### Information shown
------------

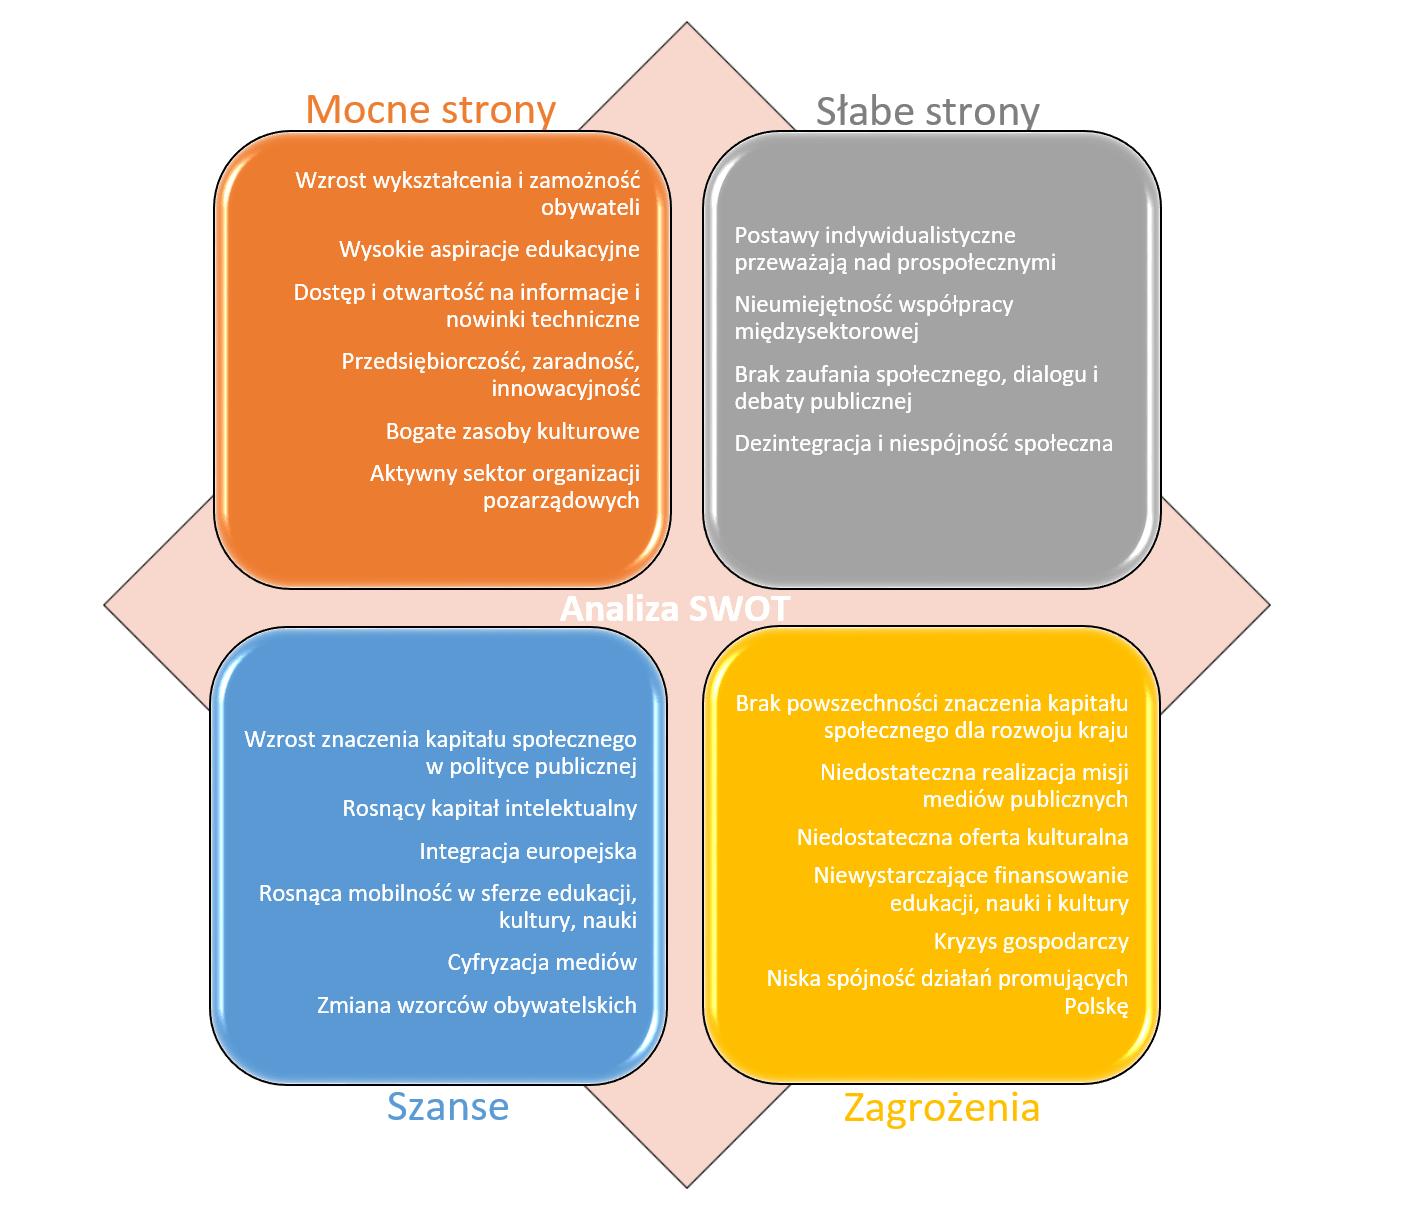 Analiza SWOT kapitału społecznego.
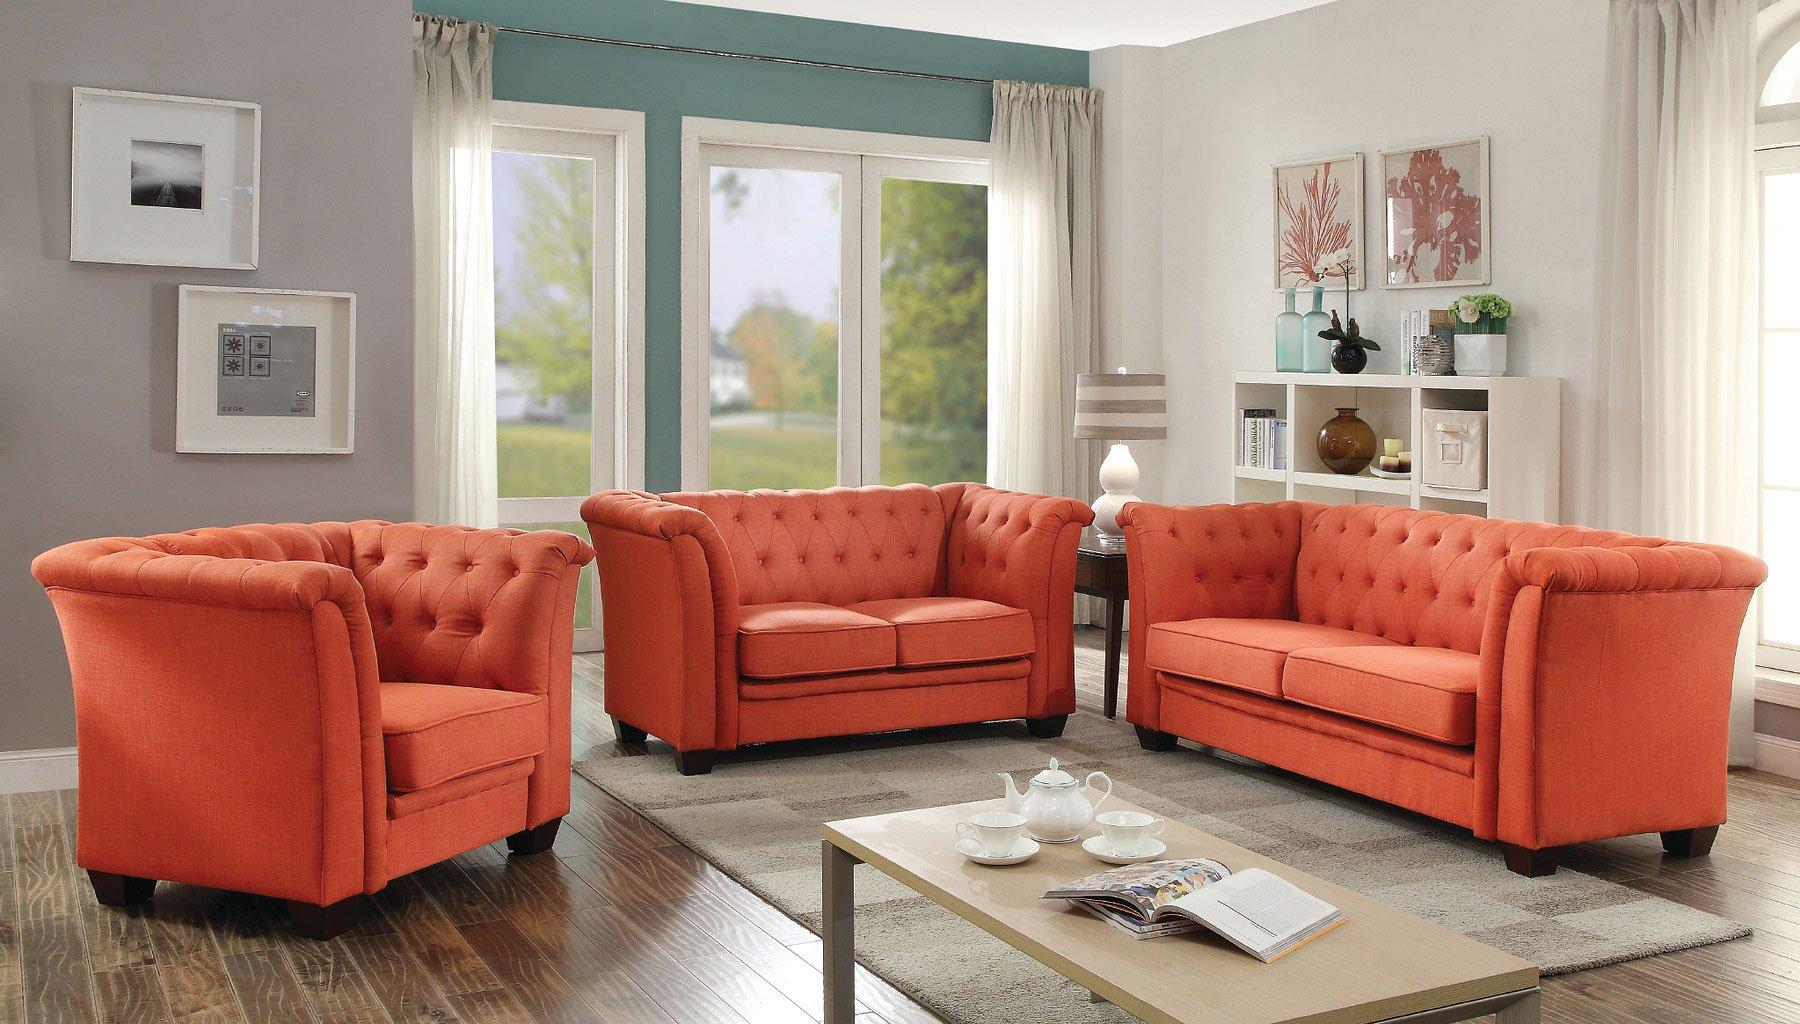 G324 tufted living room set orange
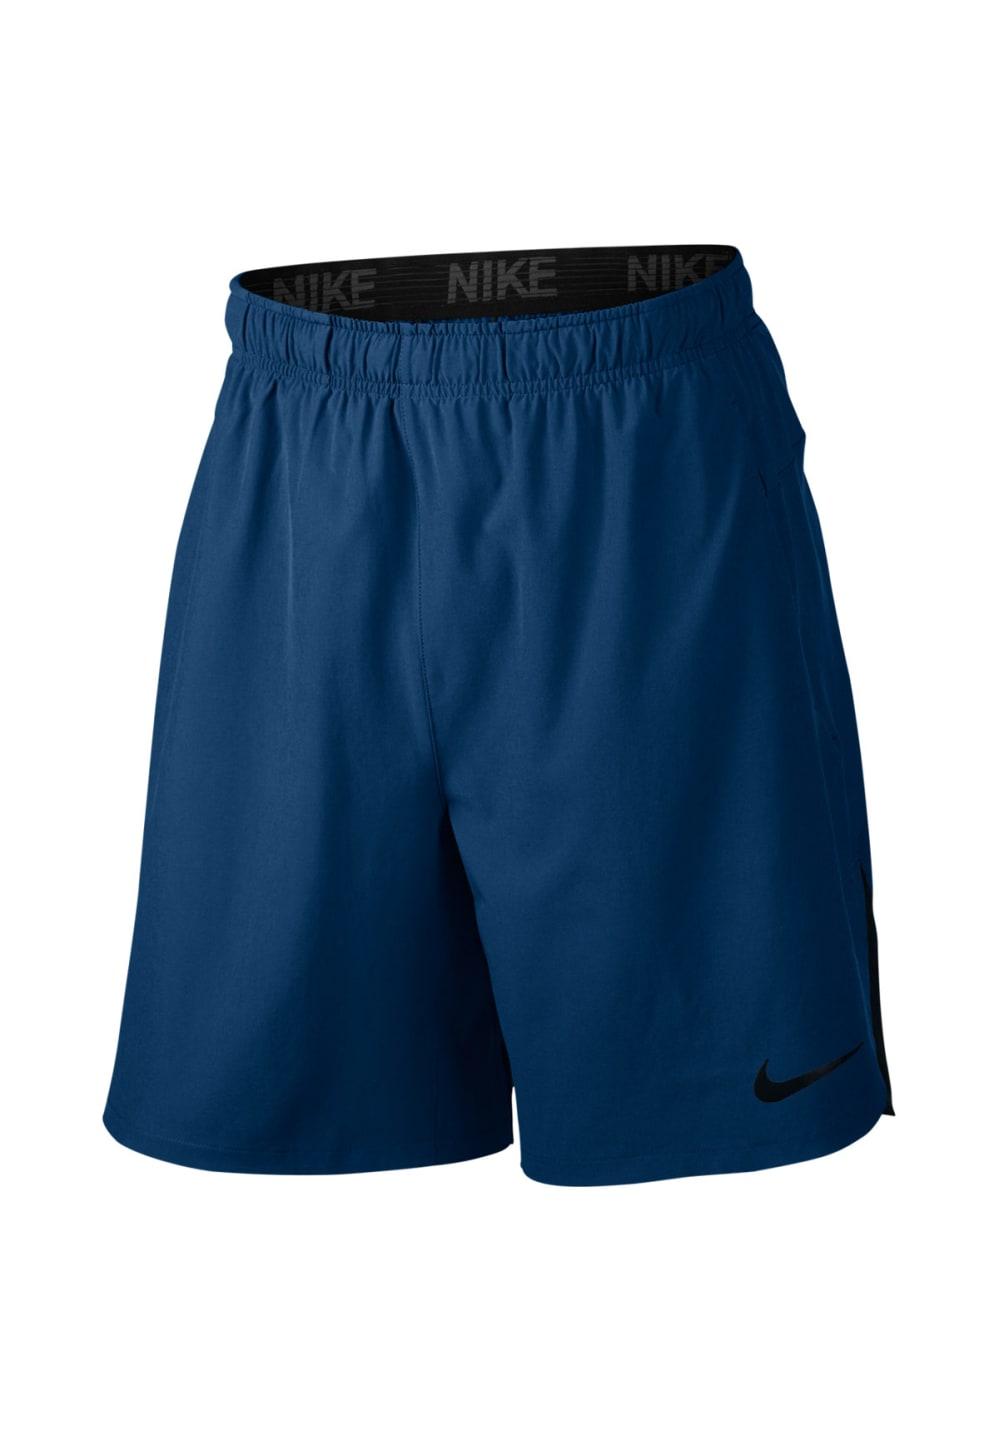 Flex Pour Nike Course Pantalons Bleu Homme Short Training 4L35jAR
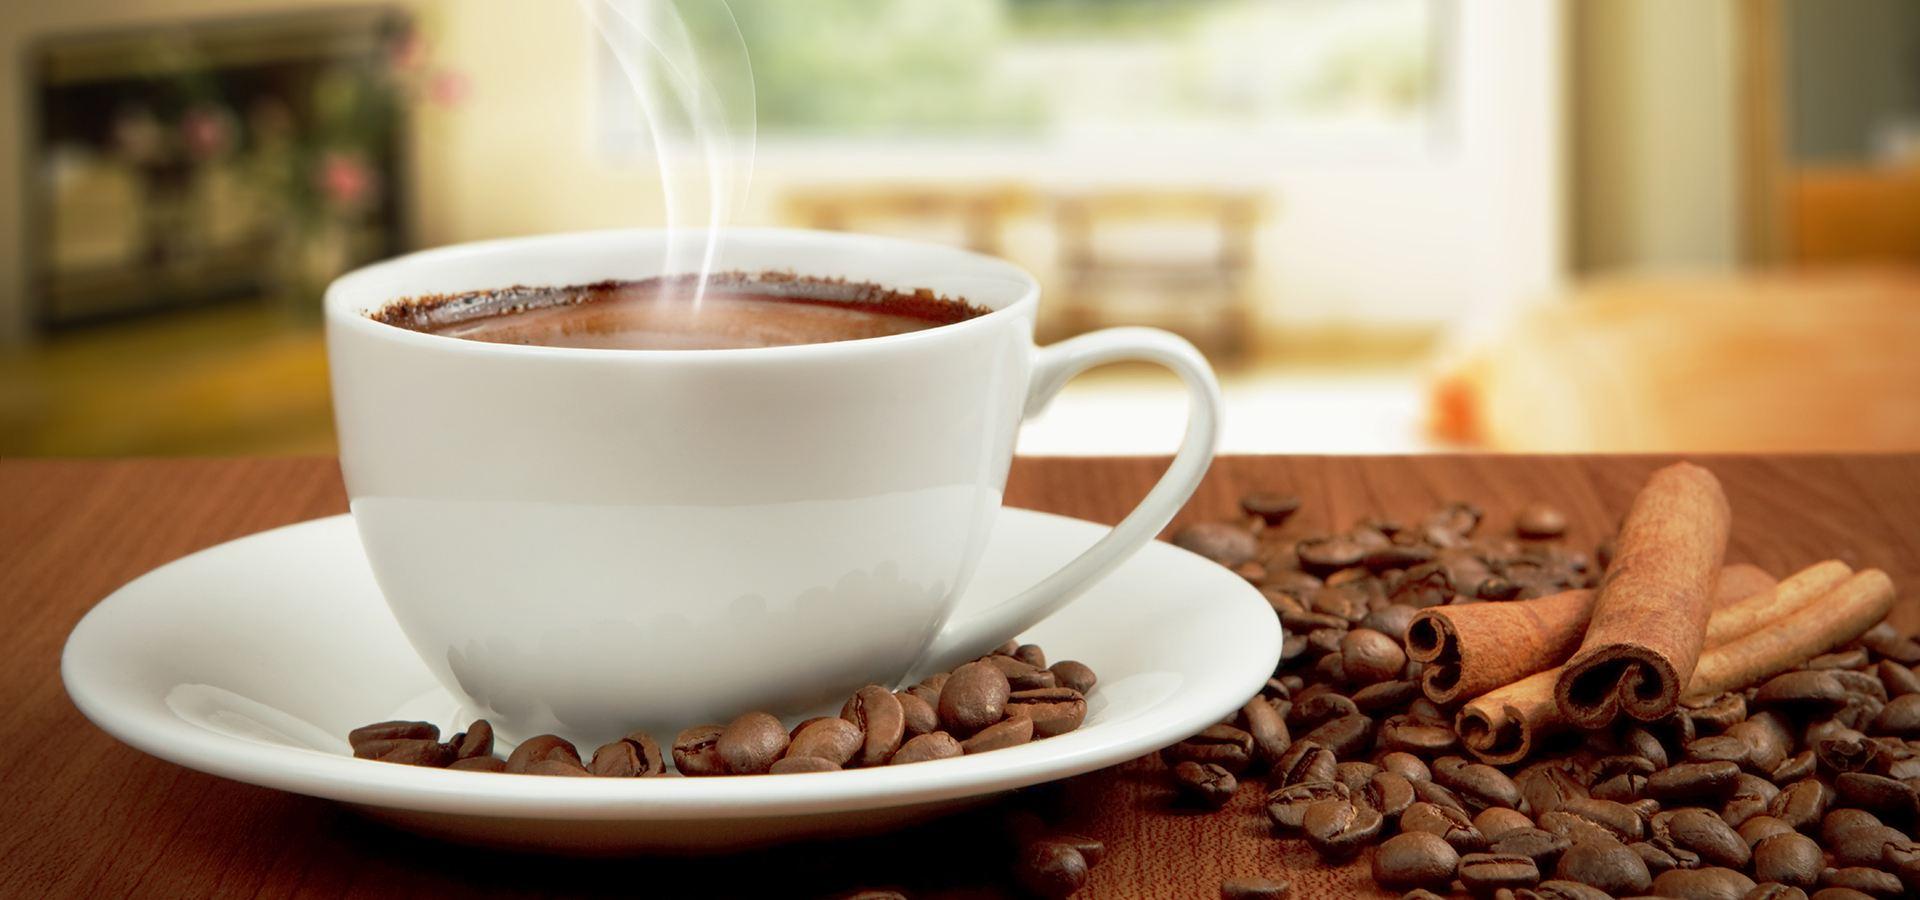 健身前喝咖啡有助提高运动成绩 促进脂肪燃烧

------------

### Assigned task
Return the complete material above exactly, with no picture.

### Answer space
 Analiza SWOT kapitału społecznego.
 G324 tufted living room set orange
 Flex Pour Nike Course Pantalons Bleu Homme Short Training 4L35jAR
 健身前喝咖啡有助提高运动成绩 促进脂肪燃烧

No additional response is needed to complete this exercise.